Петр Вайль: Вы знаете, я тогда был совершенно новенький эмигрант, всего год как, и вряд ли могу судить о таких общих настроениях. Мне показалось, что это была для всех сенсация и откровение, то есть, никто ничего подобного не подозревал. Ни старшее поколение, ни Третья, наша волна эмиграции. Я оказался тогда в Париже в первом своем настоящем путешествии. Я только в 1978 году поселился в Нью-Йорке, и в 1979 мы с приятелями впервые, сами, на свои деньги поехали в Европу. Это была Франция, Бельгия, Голландия. И надо же было такому случиться, такое везение, что в Центре Помпиду парижском открылась выставка Париж-Москва. Там что ни шаг, то было открытие. Потому что, кого знал не специалист? А я, как не был, так и не являюсь специалистом в области изобразительного искусства. Кого мы знали из той плеяды Серебряного века? Ну, Врубеля, Кустодиева, Юона, Борисова-Муратова, Серова. Здесь они сопоставлялись, и видно было, что сопоставляются на равных, с Андре Дереном, Кесом ван Донгеном, Альбером Марке. И мы видели, что русское искусство того периода стояло вровень. Мы могли только подозревать об этом, потому что этого сопоставления не существовало в Советском Союзе, течение культуры было разорвано по понятным причинам, о которых нет смысла сейчас распространяться.
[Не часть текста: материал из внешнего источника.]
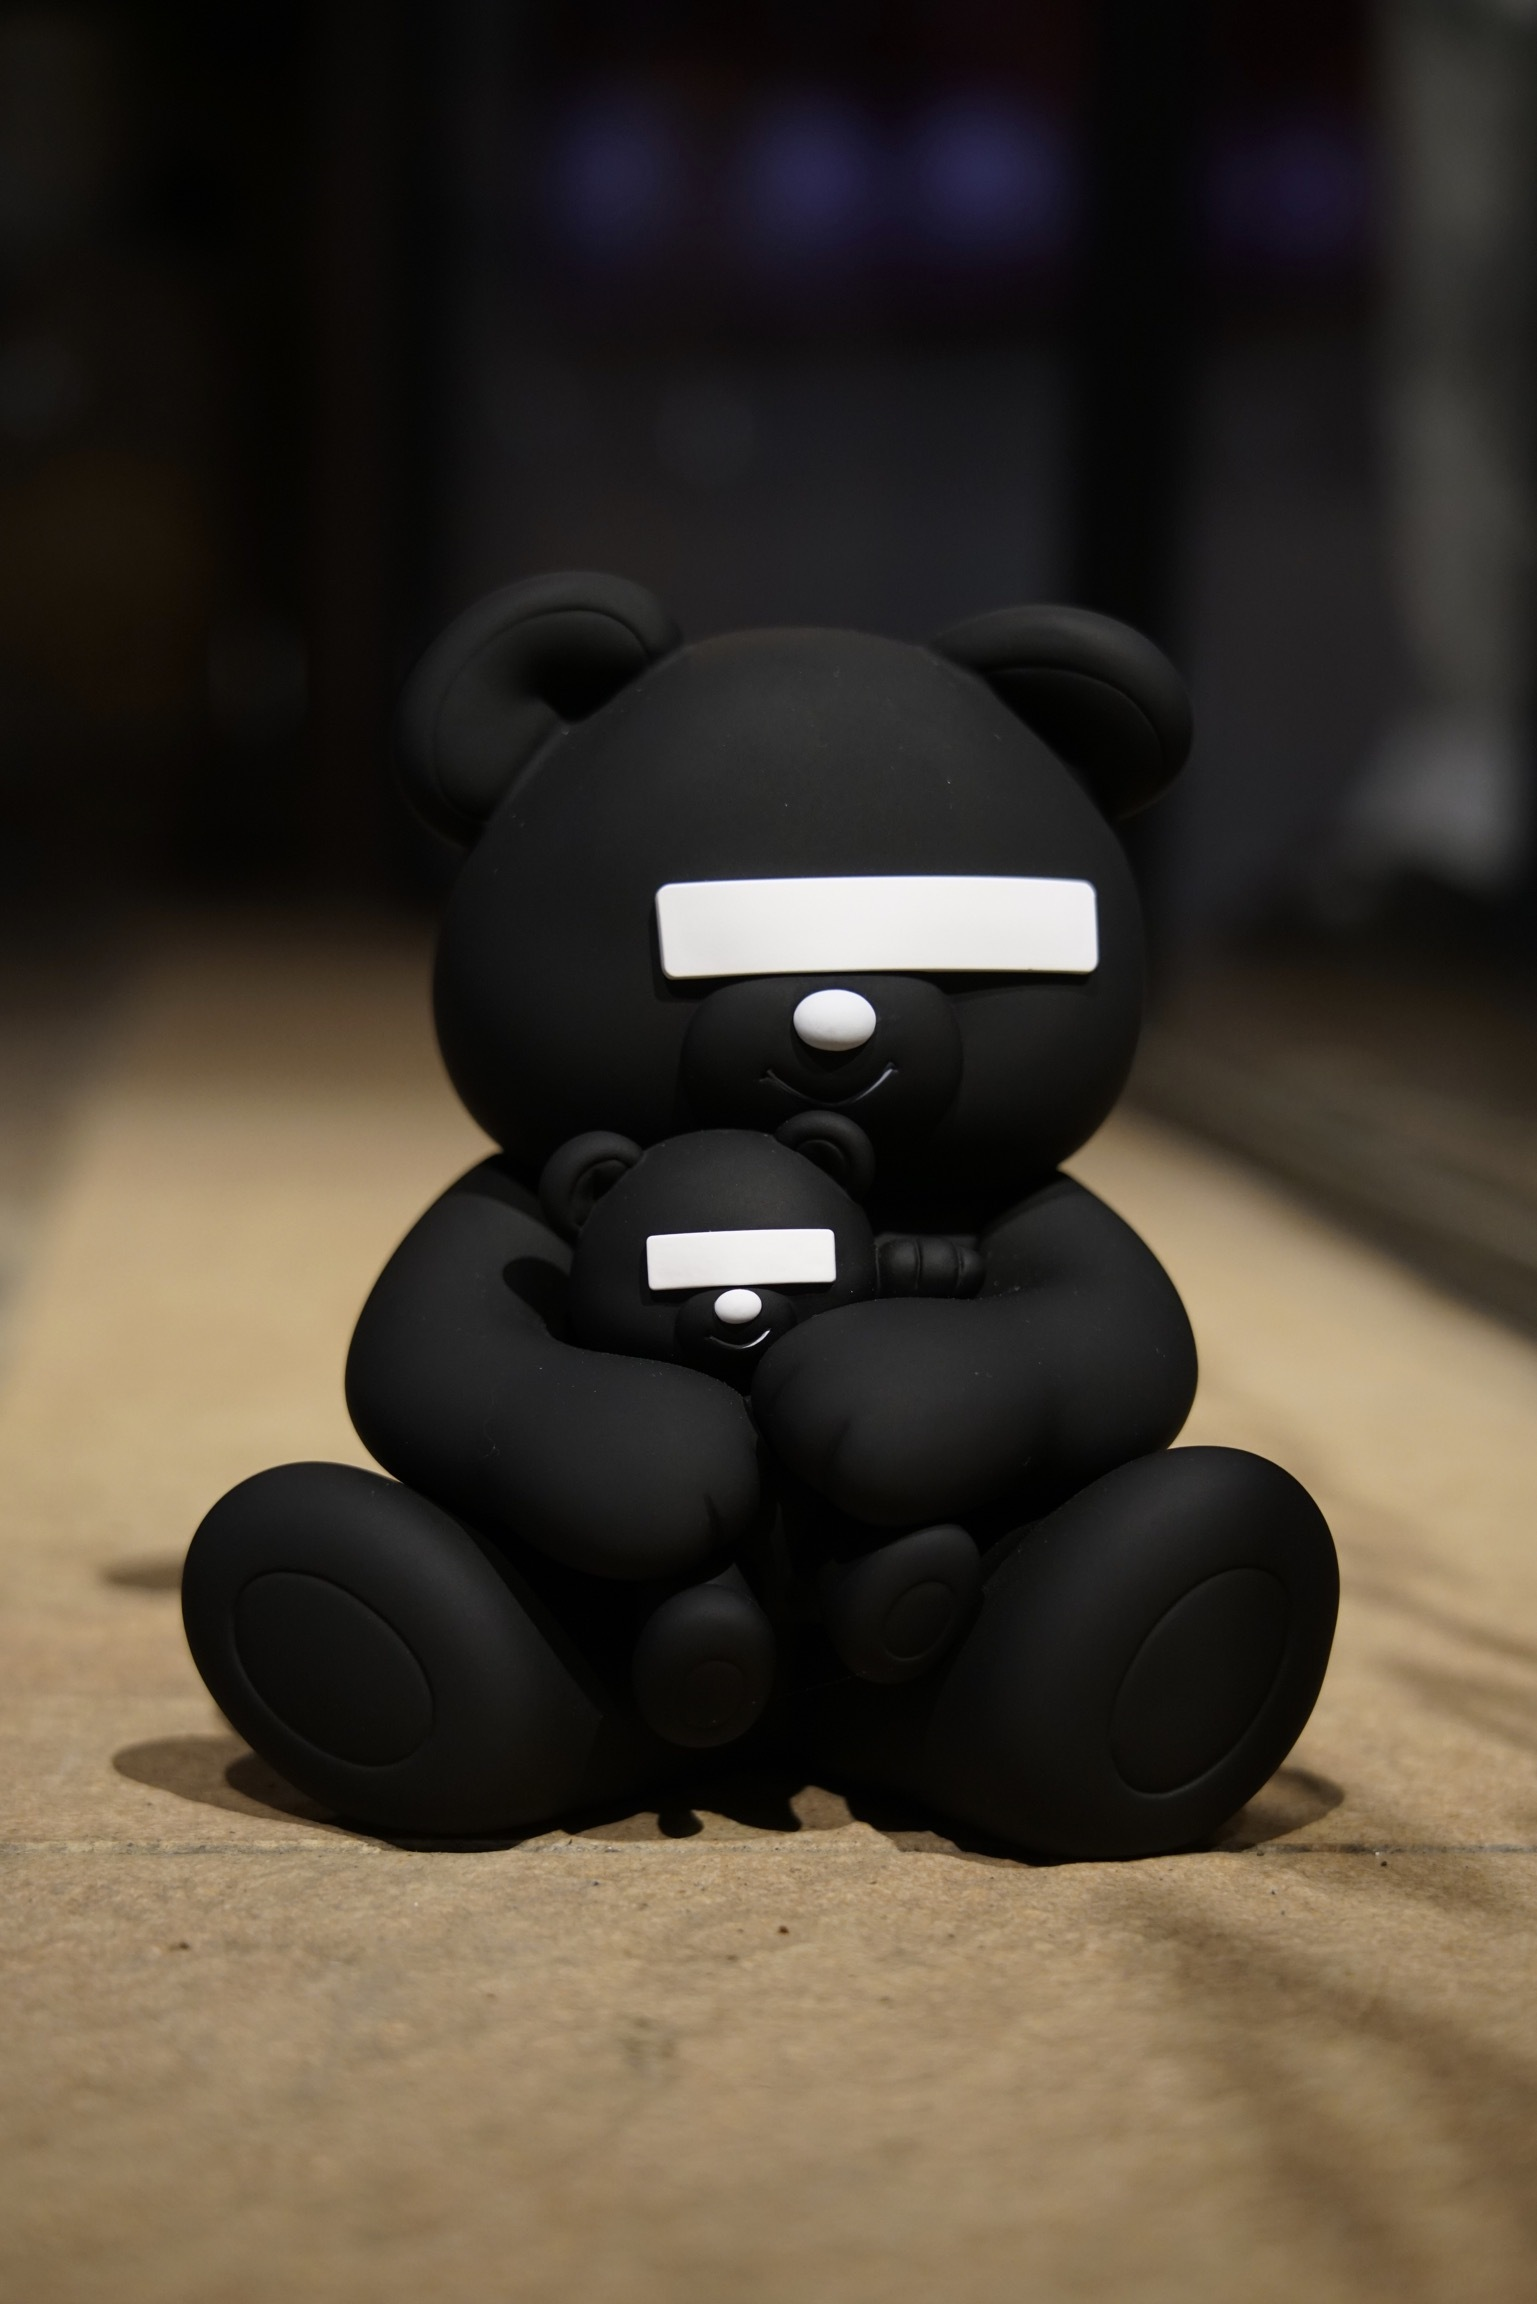 UCX9Z02 VCD UNDERCOVER BEAR FIGURE 【MEDICOMTOY】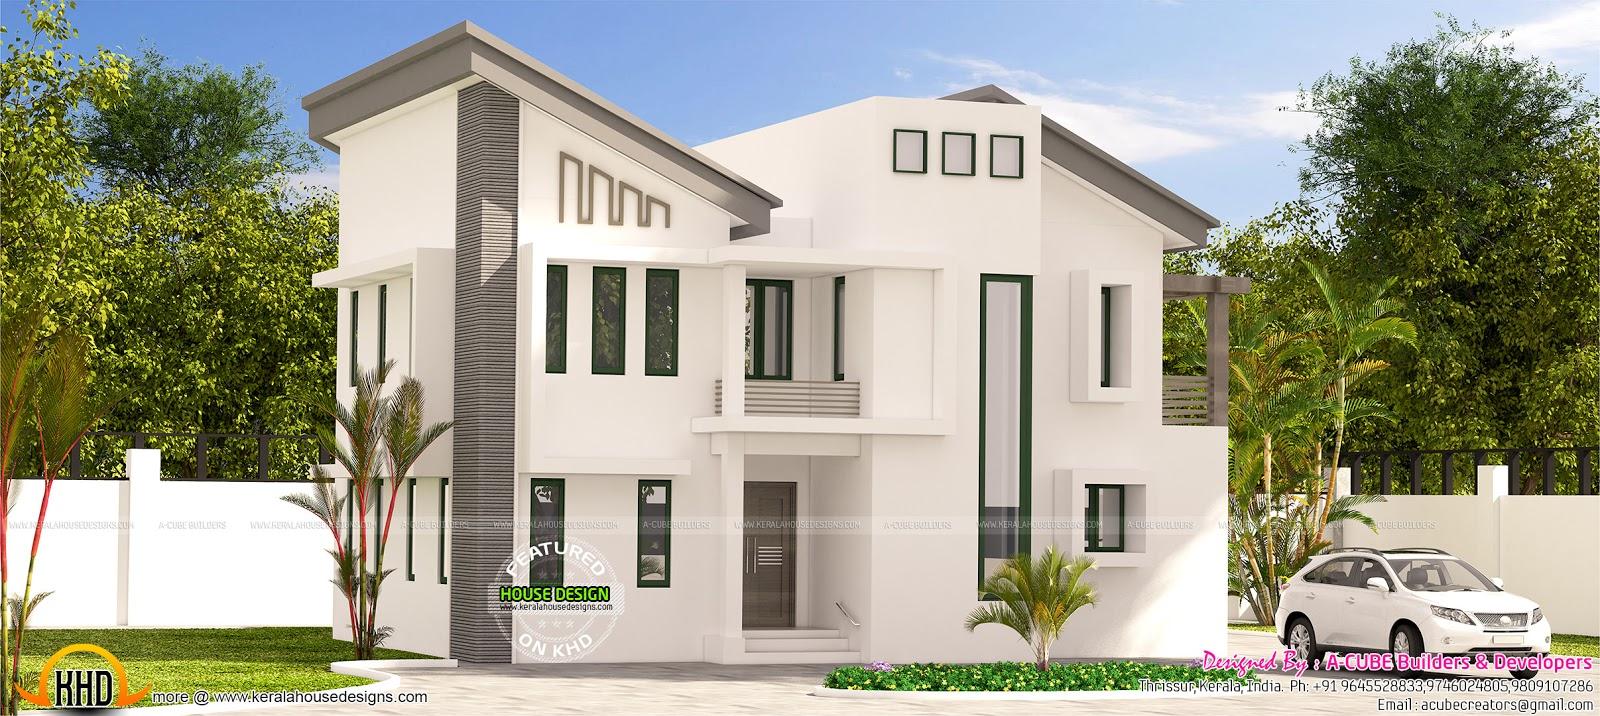 2100 sq-ft slanting roof modern home - Kerala home design ...

Своих кубистов мы вовсе не знали, опять-таки, повторяю, мы не специалисты. А тут - фантастический, фигуративный Казимир Малевич, а какой Татлин, а какая Гончарова, а какой Аристарх Лентулов! Я, по-моему, впервые его тогда увидел. Или совершенно прежде мне неизвестный Александр Шевченко. Кто такой, что? И вдруг ты видишь, что все это люди, которые выдерживают сравнение с Пикассо и Браком. А это все были имена мифические. И тут они вдруг висят рядом, и ты видишь, что это одно искусство, это одна Европа.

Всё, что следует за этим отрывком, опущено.